### TASK TO CARRY OUT:
The answer is all of the data, repeated exactly.

### SOURCE INFORMATION:
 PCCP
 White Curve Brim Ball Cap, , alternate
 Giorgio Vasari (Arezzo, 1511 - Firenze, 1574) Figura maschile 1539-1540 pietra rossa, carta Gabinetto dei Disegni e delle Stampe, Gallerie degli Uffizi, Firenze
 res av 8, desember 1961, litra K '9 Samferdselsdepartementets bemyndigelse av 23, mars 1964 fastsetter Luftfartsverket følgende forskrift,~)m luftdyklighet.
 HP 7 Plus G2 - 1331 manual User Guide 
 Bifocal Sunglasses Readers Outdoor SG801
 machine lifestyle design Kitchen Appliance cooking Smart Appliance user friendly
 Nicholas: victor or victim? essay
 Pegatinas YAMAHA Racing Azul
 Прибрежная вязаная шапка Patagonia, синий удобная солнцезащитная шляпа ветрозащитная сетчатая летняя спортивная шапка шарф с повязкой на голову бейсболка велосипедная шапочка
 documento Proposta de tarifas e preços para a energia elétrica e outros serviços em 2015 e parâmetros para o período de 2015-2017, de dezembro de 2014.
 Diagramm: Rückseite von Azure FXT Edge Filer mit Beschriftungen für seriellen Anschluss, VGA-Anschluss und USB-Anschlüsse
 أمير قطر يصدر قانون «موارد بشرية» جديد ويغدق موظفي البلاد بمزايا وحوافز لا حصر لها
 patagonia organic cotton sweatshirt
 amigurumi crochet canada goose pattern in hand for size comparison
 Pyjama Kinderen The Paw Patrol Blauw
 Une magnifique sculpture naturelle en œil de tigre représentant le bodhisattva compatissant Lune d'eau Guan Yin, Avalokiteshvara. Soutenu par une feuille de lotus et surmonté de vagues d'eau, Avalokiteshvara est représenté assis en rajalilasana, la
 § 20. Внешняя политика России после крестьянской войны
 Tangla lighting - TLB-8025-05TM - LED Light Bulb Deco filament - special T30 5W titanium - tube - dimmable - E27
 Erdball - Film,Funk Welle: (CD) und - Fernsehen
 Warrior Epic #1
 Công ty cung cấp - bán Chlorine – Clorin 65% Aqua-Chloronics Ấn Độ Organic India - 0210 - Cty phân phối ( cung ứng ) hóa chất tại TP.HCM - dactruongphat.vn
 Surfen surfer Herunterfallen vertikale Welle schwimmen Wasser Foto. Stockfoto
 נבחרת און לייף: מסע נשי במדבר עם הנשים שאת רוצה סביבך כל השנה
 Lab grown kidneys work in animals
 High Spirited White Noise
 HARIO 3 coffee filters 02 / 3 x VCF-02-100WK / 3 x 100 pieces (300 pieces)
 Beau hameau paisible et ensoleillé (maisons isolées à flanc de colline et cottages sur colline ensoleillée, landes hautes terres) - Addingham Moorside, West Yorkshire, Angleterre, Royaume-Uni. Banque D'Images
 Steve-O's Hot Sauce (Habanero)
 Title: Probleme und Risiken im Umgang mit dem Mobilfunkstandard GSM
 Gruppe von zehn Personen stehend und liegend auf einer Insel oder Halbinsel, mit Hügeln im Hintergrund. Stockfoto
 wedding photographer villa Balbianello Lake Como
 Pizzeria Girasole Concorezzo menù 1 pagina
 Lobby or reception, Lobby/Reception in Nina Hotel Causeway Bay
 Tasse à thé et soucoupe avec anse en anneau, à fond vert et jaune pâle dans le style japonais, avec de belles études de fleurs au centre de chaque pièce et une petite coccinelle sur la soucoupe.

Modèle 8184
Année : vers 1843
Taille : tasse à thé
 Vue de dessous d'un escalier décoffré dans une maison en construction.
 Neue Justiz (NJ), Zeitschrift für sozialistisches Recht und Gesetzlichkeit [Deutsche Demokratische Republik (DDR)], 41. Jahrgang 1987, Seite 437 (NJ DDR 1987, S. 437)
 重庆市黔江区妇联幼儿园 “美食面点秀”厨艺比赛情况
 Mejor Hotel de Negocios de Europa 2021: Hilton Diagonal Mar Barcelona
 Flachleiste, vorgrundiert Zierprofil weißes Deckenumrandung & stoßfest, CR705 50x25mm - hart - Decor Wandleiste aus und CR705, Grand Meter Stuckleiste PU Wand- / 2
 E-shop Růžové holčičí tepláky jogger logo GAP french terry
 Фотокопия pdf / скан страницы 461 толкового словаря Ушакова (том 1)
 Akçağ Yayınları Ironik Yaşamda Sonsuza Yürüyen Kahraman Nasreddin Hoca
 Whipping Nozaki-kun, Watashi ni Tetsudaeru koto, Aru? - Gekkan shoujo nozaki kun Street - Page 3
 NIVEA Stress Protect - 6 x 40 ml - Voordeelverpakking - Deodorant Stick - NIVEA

### THE ANSWER:
 PCCP
 White Curve Brim Ball Cap, , alternate
 Giorgio Vasari (Arezzo, 1511 - Firenze, 1574) Figura maschile 1539-1540 pietra rossa, carta Gabinetto dei Disegni e delle Stampe, Gallerie degli Uffizi, Firenze
 res av 8, desember 1961, litra K '9 Samferdselsdepartementets bemyndigelse av 23, mars 1964 fastsetter Luftfartsverket følgende forskrift,~)m luftdyklighet.
 HP 7 Plus G2 - 1331 manual User Guide 
 Bifocal Sunglasses Readers Outdoor SG801
 machine lifestyle design Kitchen Appliance cooking Smart Appliance user friendly
 Nicholas: victor or victim? essay
 Pegatinas YAMAHA Racing Azul
 Прибрежная вязаная шапка Patagonia, синий удобная солнцезащитная шляпа ветрозащитная сетчатая летняя спортивная шапка шарф с повязкой на голову бейсболка велосипедная шапочка
 documento Proposta de tarifas e preços para a energia elétrica e outros serviços em 2015 e parâmetros para o período de 2015-2017, de dezembro de 2014.
 Diagramm: Rückseite von Azure FXT Edge Filer mit Beschriftungen für seriellen Anschluss, VGA-Anschluss und USB-Anschlüsse
 أمير قطر يصدر قانون «موارد بشرية» جديد ويغدق موظفي البلاد بمزايا وحوافز لا حصر لها
 patagonia organic cotton sweatshirt
 amigurumi crochet canada goose pattern in hand for size comparison
 Pyjama Kinderen The Paw Patrol Blauw
 Une magnifique sculpture naturelle en œil de tigre représentant le bodhisattva compatissant Lune d'eau Guan Yin, Avalokiteshvara. Soutenu par une feuille de lotus et surmonté de vagues d'eau, Avalokiteshvara est représenté assis en rajalilasana, la
 § 20. Внешняя политика России после крестьянской войны
 Tangla lighting - TLB-8025-05TM - LED Light Bulb Deco filament - special T30 5W titanium - tube - dimmable - E27
 Erdball - Film,Funk Welle: (CD) und - Fernsehen
 Warrior Epic #1
 Công ty cung cấp - bán Chlorine – Clorin 65% Aqua-Chloronics Ấn Độ Organic India - 0210 - Cty phân phối ( cung ứng ) hóa chất tại TP.HCM - dactruongphat.vn
 Surfen surfer Herunterfallen vertikale Welle schwimmen Wasser Foto. Stockfoto
 נבחרת און לייף: מסע נשי במדבר עם הנשים שאת רוצה סביבך כל השנה
 Lab grown kidneys work in animals
 High Spirited White Noise
 HARIO 3 coffee filters 02 / 3 x VCF-02-100WK / 3 x 100 pieces (300 pieces)
 Beau hameau paisible et ensoleillé (maisons isolées à flanc de colline et cottages sur colline ensoleillée, landes hautes terres) - Addingham Moorside, West Yorkshire, Angleterre, Royaume-Uni. Banque D'Images
 Steve-O's Hot Sauce (Habanero)
 Title: Probleme und Risiken im Umgang mit dem Mobilfunkstandard GSM
 Gruppe von zehn Personen stehend und liegend auf einer Insel oder Halbinsel, mit Hügeln im Hintergrund. Stockfoto
 wedding photographer villa Balbianello Lake Como
 Pizzeria Girasole Concorezzo menù 1 pagina
 Lobby or reception, Lobby/Reception in Nina Hotel Causeway Bay
 Tasse à thé et soucoupe avec anse en anneau, à fond vert et jaune pâle dans le style japonais, avec de belles études de fleurs au centre de chaque pièce et une petite coccinelle sur la soucoupe.

Modèle 8184
Année : vers 1843
Taille : tasse à thé
 Vue de dessous d'un escalier décoffré dans une maison en construction.
 Neue Justiz (NJ), Zeitschrift für sozialistisches Recht und Gesetzlichkeit [Deutsche Demokratische Republik (DDR)], 41. Jahrgang 1987, Seite 437 (NJ DDR 1987, S. 437)
 重庆市黔江区妇联幼儿园 “美食面点秀”厨艺比赛情况
 Mejor Hotel de Negocios de Europa 2021: Hilton Diagonal Mar Barcelona
 Flachleiste, vorgrundiert Zierprofil weißes Deckenumrandung & stoßfest, CR705 50x25mm - hart - Decor Wandleiste aus und CR705, Grand Meter Stuckleiste PU Wand- / 2
 E-shop Růžové holčičí tepláky jogger logo GAP french terry
 Фотокопия pdf / скан страницы 461 толкового словаря Ушакова (том 1)
 Akçağ Yayınları Ironik Yaşamda Sonsuza Yürüyen Kahraman Nasreddin Hoca
 Whipping Nozaki-kun, Watashi ni Tetsudaeru koto, Aru? - Gekkan shoujo nozaki kun Street - Page 3
 NIVEA Stress Protect - 6 x 40 ml - Voordeelverpakking - Deodorant Stick - NIVEA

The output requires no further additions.